The new facility has improved operating efficiency and relieved capacity constraints. As an important artery for Ethiopia, DCT has given Djibouti a competitive advantage in retaining its neighbor’s transit business.
Djibouti is the most suitable location for both domestic and Ethiopian transit cargo. The DCT provides the most comprehensive facility by far for hinterland container cargo, with the greatest berthing, the deepest water, the largest and greatest number of quayside gantry cranes, and the highest capacity.

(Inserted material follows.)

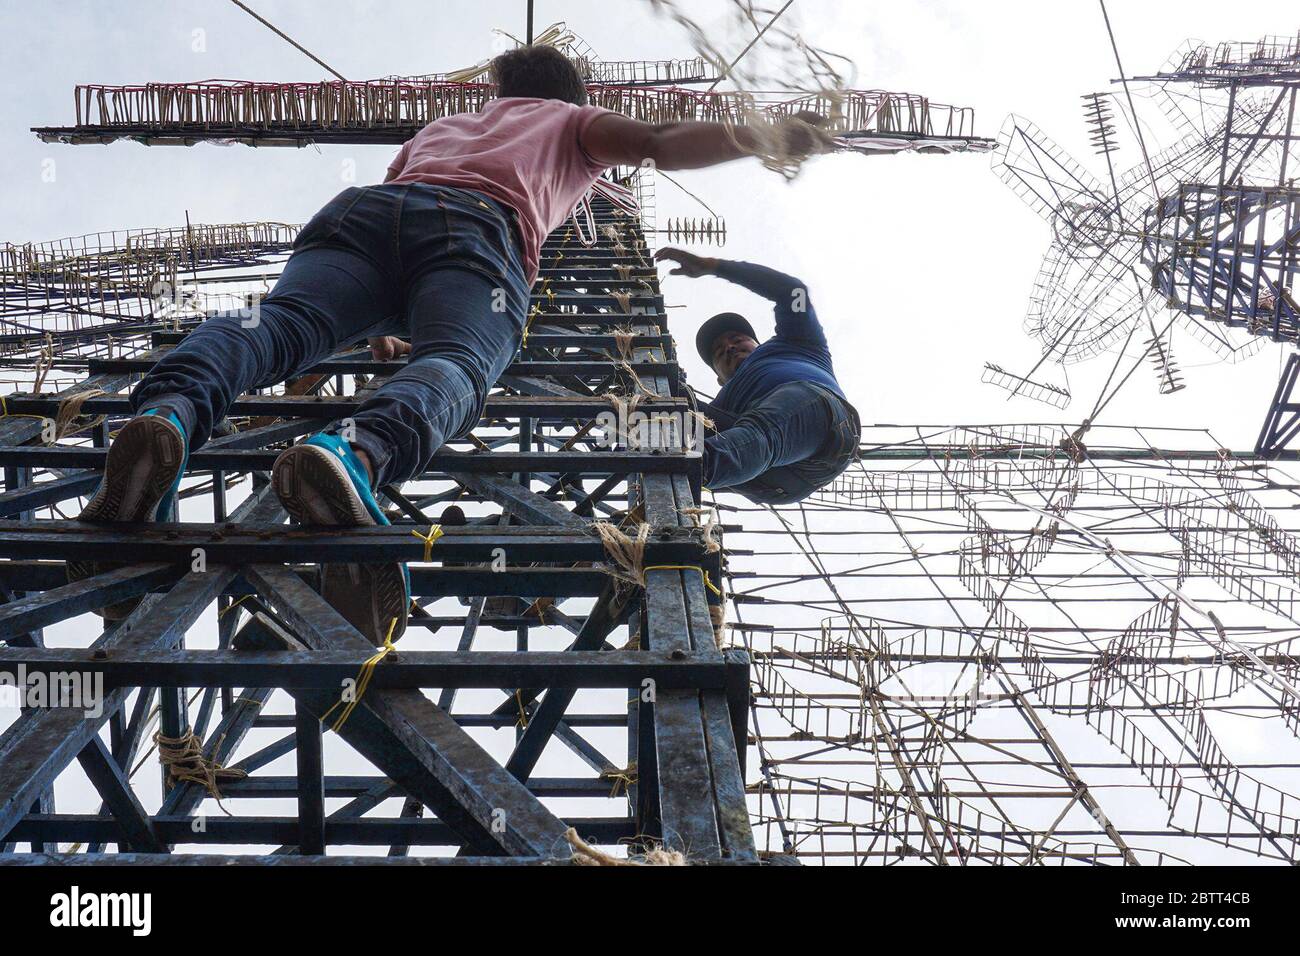 Ángel González, 19 (left), and Javier Hernández, 25, climb a tower on a pyrotechnic castle, a wooden structure used for celebrations in Mexico City. When the gunpowder lights on the castles are ignited, they create the silhouette of a brilliantly lit castle for a few minutes. “Making pyrotechnic castles is what I like to do the most,” says González, who has worked on their construction for five years. (Mar Garcia, GPJ Mexico) Stock Photo

Due to the enormous financial challenge represented by the construction of the new terminal, estimated at US$396m, the Islamic Development Bank committed to financing an Islamic facility for US$65m. It was proposed that OFID participate with a loan to the IsDB syndicated facility of US$15m. Project financing also involved Standard Chartered Bank, Dubai Islamic Bank and West LB.
DCT is owned 33 percent by Dubai Port World Djibouti (DPWD) and 67 percent by Port Autonome International de Djibouti. DPWD is owned 100 percent by Dubai Port World (DPW), one of the largest container terminal operators in the world in capacity and geographical diversification.
DPW has a portfolio of more than 65 marine terminals across six continents, including new developments underway in India, Africa, Europe, South America and the Middle East. Container handling is the company’s core business and generates around 80 percent of its revenue.
According to Tareq Alnassar, Acting Head of OFID’s Private Sector Operations, annual transfer volume through the terminal is approximately 750,000 TEUs (Twenty-foot Equivalent Units).
“The main category of throughput is the transhipment business which represents 53 percent of TEUs, with imports and exports accounting for 24 percent and 21 percent, respectively. Of the import/export traffic, the bulk (80 percent) is to/from Ethiopia, with just 20 percent representing trade with Djibouti.”
Alnassar highlighted a recent agreement, under which the Chinese Government will finance the construction of the long-discussed new railway from Djibouti to Ethiopia. “Once completed, this will allow more efficient transport of bonded containers to and from Ethiopia,” he explained.
OFID has contributed to the challenge of eradicating poverty in the former French colony through job creation and increased trade at DCT. There is nothing that can hinder OFID in the pursuit of its noble mission.